Cardiovascular disease is an important cause of morbidity and mortality in adults with sickle cell disease (SCD). We sought to characterize the features of SCD cardiomyopathy and to identify causative mechanisms.
Stable adults with SCD (n=38) and matched controls (n=13) were prospectively recruited to undergo 1) multiparametric cardiovascular magnetic resonance (CMR) (i.e. steady state free precession cine, regadenoson first pass myocardial perfusion, phase sensitive inversion recovery late gadolinium enhancement (LGE), and myocardial and hepatic multi-echo time (TE) single breath-hold T2* imaging), 2) echocardiography (TTE), and 3) applanation tonometry (pulse wave analysis). Chamber size and function were measured from CMR using method of disks. Myocardial perfusion reserve index (MPRi) was calculated from time intensity curves generated from first pass perfusion images as the stress to rest ratio of mid-ventricular myocardium upslope (normalized by the left ventricular cavity upslope). LGE was considered present if the signal intensity (SI) was >5 standard deviations above normal remote myocardium and if seen in 2 consecutive slices or 2 imaging planes. Myocardial and hepatic T2* times were calculated using the formula ΔTE/ ln(SI TE2/SI TE1). Presence of diastolic dysfunction (DD) was determined using American Society of Echocardiography criteria.

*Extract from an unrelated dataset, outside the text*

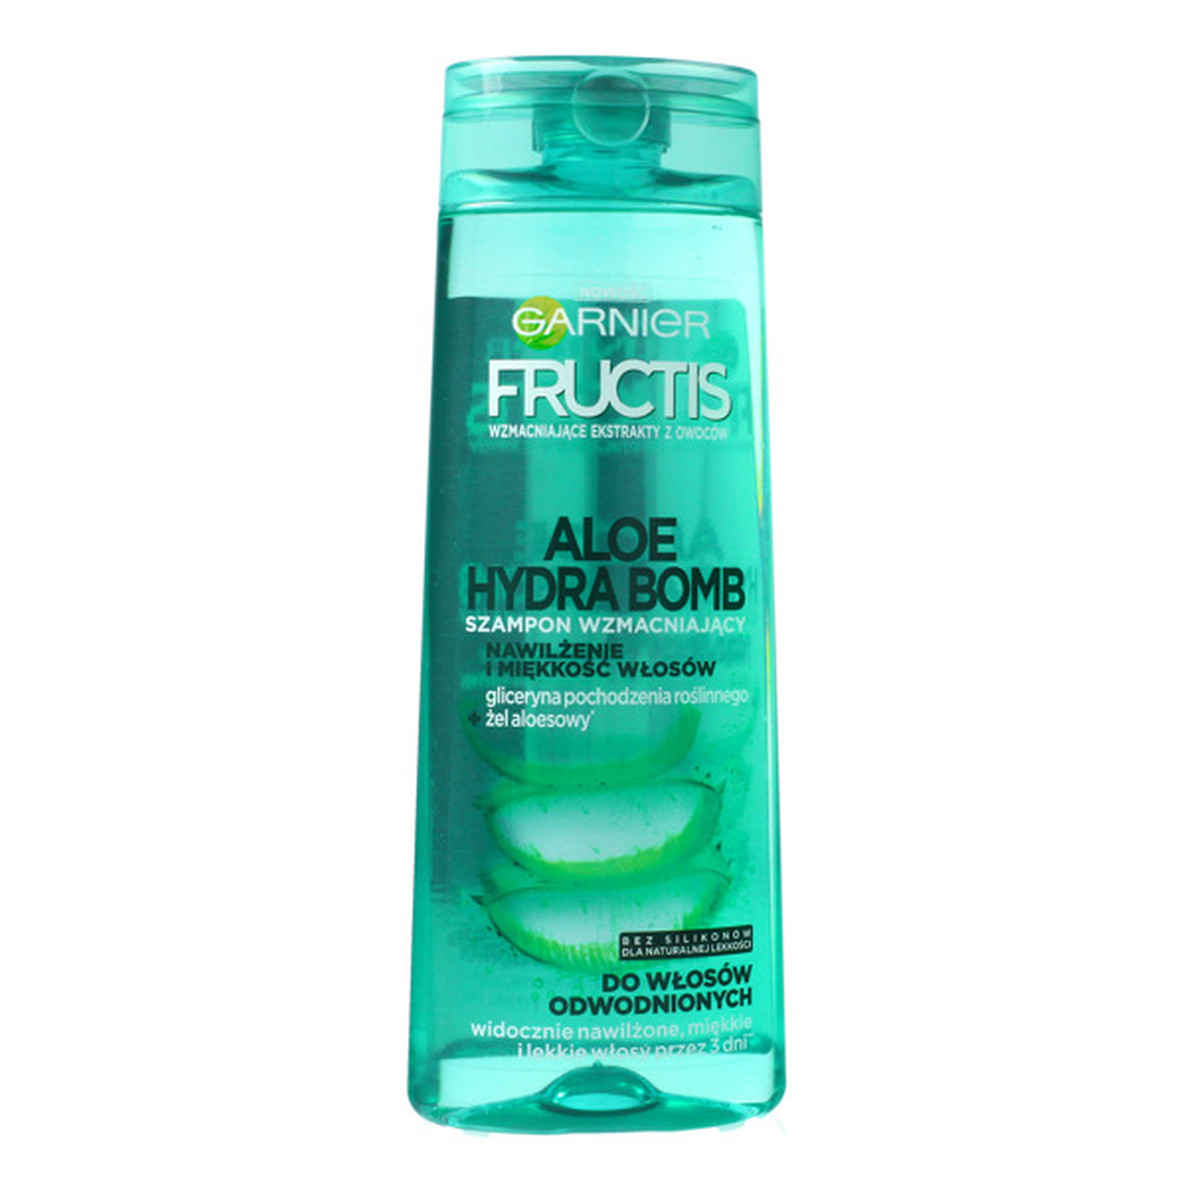 garnier fructis aloe hydra bomb szampon skład

Aortic augmentation index was determined using standard tonometry methods.
SCD cardiomyopathy is characterized by 4-chamber dilation, myocardial fibrosis, abnormal MPRi, DD, and rarely myocardial iron overload. Left ventricular dilation and myocardial fibrosis are associated with increased blood transfusion requirements; whereas, DD is due to increased aortic stiffness.
Study funded through departmental funds.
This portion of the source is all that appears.